* _WORK ORDER_: List every line in this data where the string "after" occurs.

- - - - -

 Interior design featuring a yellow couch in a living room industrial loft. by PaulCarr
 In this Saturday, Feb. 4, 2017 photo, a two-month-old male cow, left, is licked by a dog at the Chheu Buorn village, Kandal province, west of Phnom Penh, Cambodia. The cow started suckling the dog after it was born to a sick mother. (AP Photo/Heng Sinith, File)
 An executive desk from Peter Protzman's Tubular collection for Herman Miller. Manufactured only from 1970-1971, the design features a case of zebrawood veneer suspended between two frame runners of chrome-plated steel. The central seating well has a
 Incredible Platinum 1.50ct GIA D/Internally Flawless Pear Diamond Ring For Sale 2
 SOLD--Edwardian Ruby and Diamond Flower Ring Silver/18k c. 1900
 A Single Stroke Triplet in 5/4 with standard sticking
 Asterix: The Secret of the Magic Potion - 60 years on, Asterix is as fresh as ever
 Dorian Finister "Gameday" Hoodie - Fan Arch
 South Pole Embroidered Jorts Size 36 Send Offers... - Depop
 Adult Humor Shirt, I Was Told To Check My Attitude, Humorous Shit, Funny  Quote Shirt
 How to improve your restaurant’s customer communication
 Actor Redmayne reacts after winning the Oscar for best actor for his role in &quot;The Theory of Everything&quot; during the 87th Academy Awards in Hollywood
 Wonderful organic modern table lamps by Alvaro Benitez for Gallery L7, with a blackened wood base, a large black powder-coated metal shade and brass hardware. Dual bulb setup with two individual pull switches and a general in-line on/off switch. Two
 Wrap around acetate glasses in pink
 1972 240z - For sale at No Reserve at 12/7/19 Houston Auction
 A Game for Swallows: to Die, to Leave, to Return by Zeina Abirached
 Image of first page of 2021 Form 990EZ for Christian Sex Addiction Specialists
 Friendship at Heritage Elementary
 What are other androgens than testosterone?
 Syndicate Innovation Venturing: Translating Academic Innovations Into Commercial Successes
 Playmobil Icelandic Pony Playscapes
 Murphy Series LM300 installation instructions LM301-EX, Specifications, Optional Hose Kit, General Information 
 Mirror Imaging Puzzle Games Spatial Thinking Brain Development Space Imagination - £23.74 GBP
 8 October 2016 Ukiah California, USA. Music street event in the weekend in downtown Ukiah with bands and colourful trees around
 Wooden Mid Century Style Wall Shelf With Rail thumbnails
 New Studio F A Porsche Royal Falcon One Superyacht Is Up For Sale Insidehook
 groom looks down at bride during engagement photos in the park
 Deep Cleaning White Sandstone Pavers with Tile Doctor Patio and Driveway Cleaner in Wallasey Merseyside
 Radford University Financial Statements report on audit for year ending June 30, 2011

- - - - -

* _WRITTEN SOLUTION_:
 In this Saturday, Feb. 4, 2017 photo, a two-month-old male cow, left, is licked by a dog at the Chheu Buorn village, Kandal province, west of Phnom Penh, Cambodia. The cow started suckling the dog after it was born to a sick mother. (AP Photo/Heng Sinith, File)
 Actor Redmayne reacts after winning the Oscar for best actor for his role in &quot;The Theory of Everything&quot; during the 87th Academy Awards in Hollywood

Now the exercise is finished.